However, most browsers do not natively support image compression formats other than JPEG, PNG, and GIF.
A broken PDF shared on the PDF.js GitHub. Issue related to a JPX decoder fault.
If your users open documents generated with arbitrary software, you may have to consider the risk that some files contain alternative image compression schemes, and these may not render properly with PDF.js. Unfortunately, there may be no easy way to quantify this risk as well.
Blend modes are part of the PDF specification that control how different color layers in a document will “blend” together. These can be used to create a variety of useful effects such as transparencies and will appear in PDFs such as design documents, brochures, annual reports, and textbooks.
A test document provided by the Ghent Workgroup, an international body of design artists, shows what blend modes PDF.js currently supports. You can try this yourself by opening the test document in the PDF.js demo viewer.
The following images represent test objects shown in PDF.js and used to evaluate whether it supports specific PDF rendering features. Test objects marked with a clear “X” represent a failure of the specified feature.
For example, here is the section for basic blend modes. PDF.js is shown to support all but one:
However, the same document shows PDF.js does not support blend modes applied to knockout transparency groups:
And those using Isolation:
Where a blend mode is not supported by the viewer, formerly transparent layers may conceal underlying content — even text.
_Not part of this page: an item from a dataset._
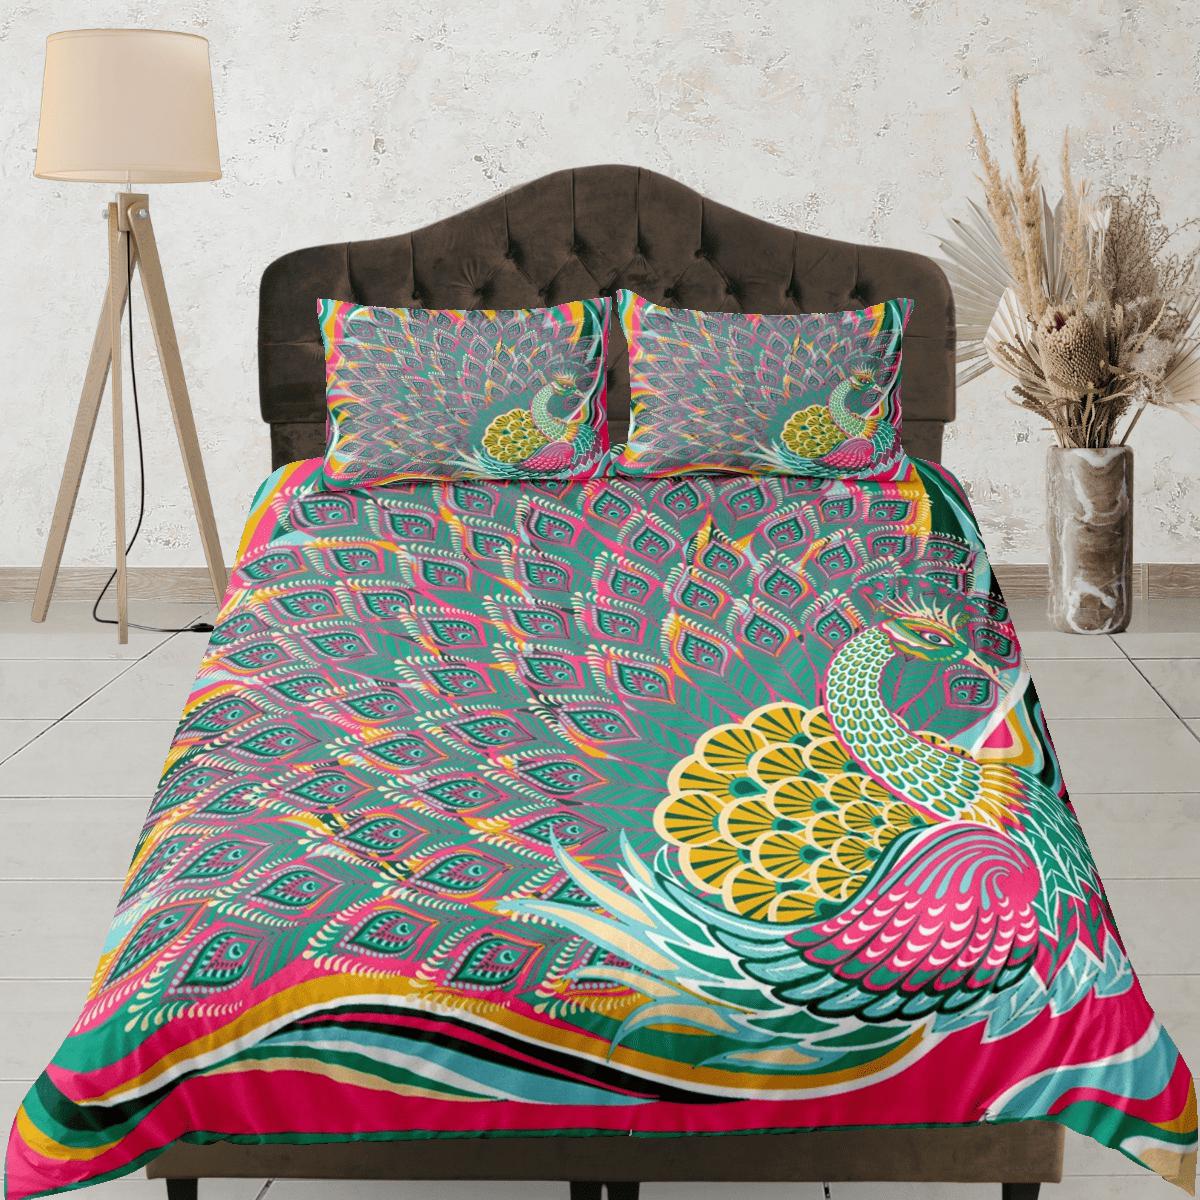 daintyduvet Colorful peacock decor aesthetic bedding set full, luxury duvet cover queen, king, boho duvet, designer bedding, maximalist bedspread

Here’s another open PDF.js issue related to a missing blend mode in Internet Explorer:
Missing blend modes or other missing rendering features are fine if you can be certain that your end users will only ever view very simple PDF documents. However, your users may want to view documents such as textbooks and brochures containing more advanced features within the PDF specification.
Patterns and gradients are another complicated part of the PDF specification. Patterns can be used to create certain textures, such as weaves, brick walls, sunbursts, and so on. Shadings can be used to produce different gradients via complex blends using math and interpolation.
For example, Axial Shadings define a color blend along a line between two points, whereas Radial Shadings define a color blend that varies between two circles. Shadings and patterns both contain a lot of parameters within the PDF specification to provide precise control over the effect.
But during a 2014 presentation on PDF.js, it was said by one developer: “I don’t think we’ll ever add support for some of the [patterns and gradients] that PDF supports, because they’re really kinda bizarre.” (20:27) The open-source community has since chipped away at the problem. Gradient and pattern support has improved from where it was several years ago when we first wrote about the issue in a 2015 blog. However, support is still incomplete, as testified by 29 open issues related to shading patterns on GitHub today.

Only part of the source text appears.